Stabilization of wild-type p53 in human T-lymphocytes transformed by HTLV-I.

  • 1 November 1993
    • journal article
    • Vol. 8 (11), 3029-36
Abstract
Adult T-cell leukemia/lymphoma is an aggressive malignancy associated with infection by the human T-lymphotropic virus type-I (HTLV-I). We now demonstrate that p53 expression is elevated in the HTLV-I-transformed T-lymphocyte lines C81, MT-2, MT-4 and HUT 102. In pulse-chase experiments, the p53 protein demonstrated a prolonged half-life of 2 to 8 h in HTLV-I-transformed cells compared with 0.5 to 1.0 h for wild-type p53 in primary human and murine fibroblasts, or human peripheral blood lymphocytes.
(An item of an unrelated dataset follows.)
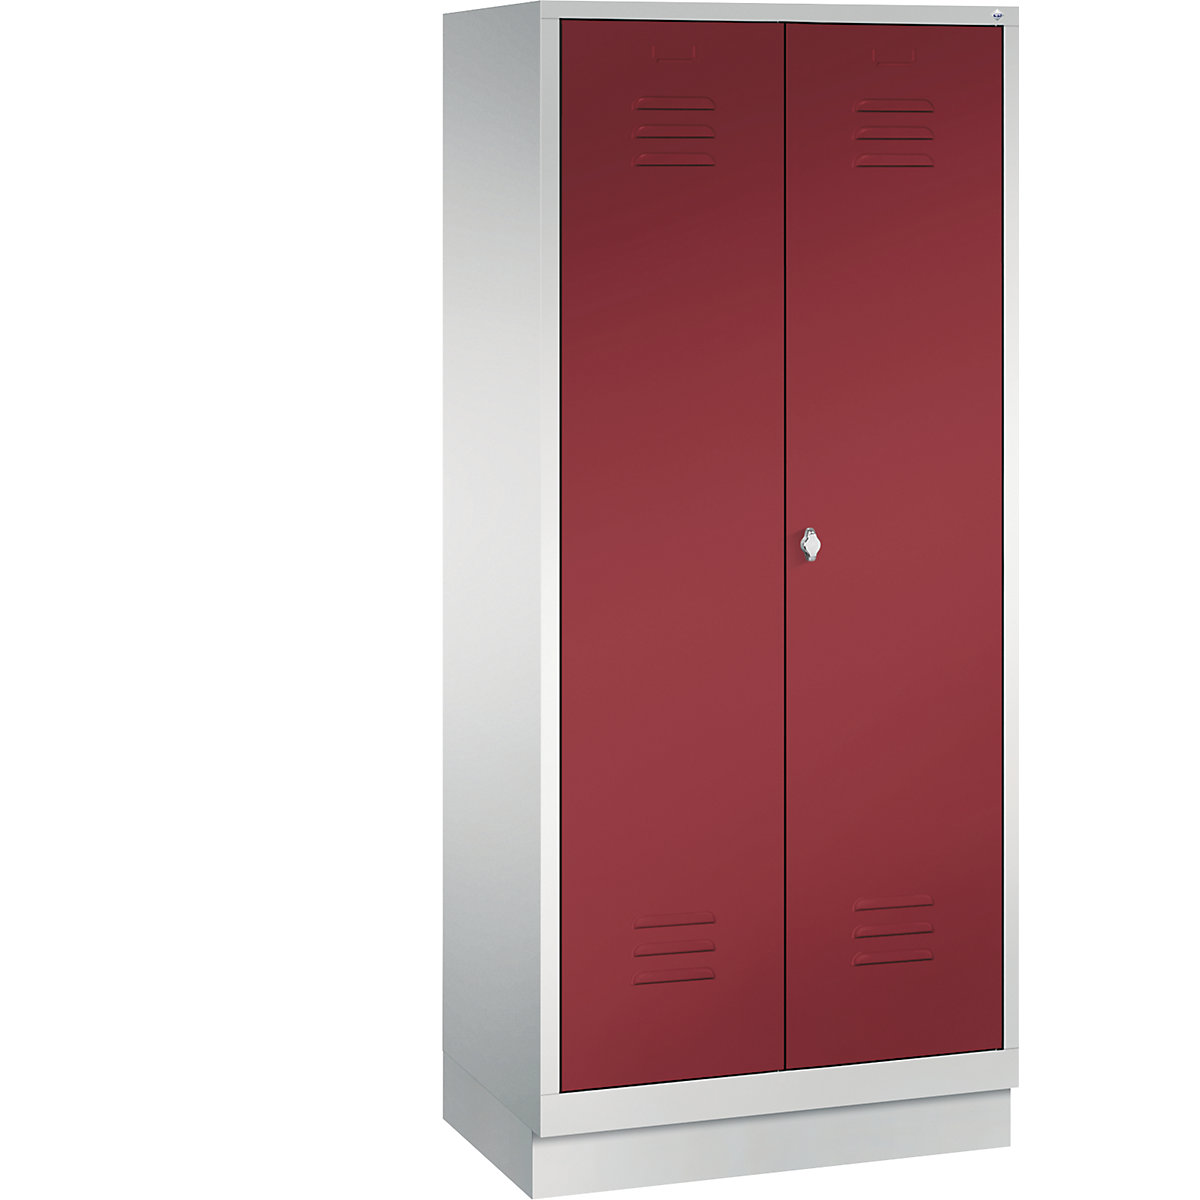 Armario de almacenamiento CLASSIC con zócalo y puertas batientes que cierran al ras entre sí – C+P, 2 compartimentos, anchura de compartimento 400 mm, gris luminoso / rojo rubí-10

In cell lines C81 and HUT 102, which exhibited the longest p53 protein half-life, the wild-type-related PAb1620 epitope was detected at reduced levels. The PAb240 mutant-related p53 epitope was not detected in any of the transformed cell lines. By direct sequence analysis of RT-PCR products, the entire p53 cDNA coding sequence was determined to be wild-type in all four cell lines. Stabilization of wild-type p53 may represent its functional inactivation and contribute to lymphocyte transformation by HTLV-I.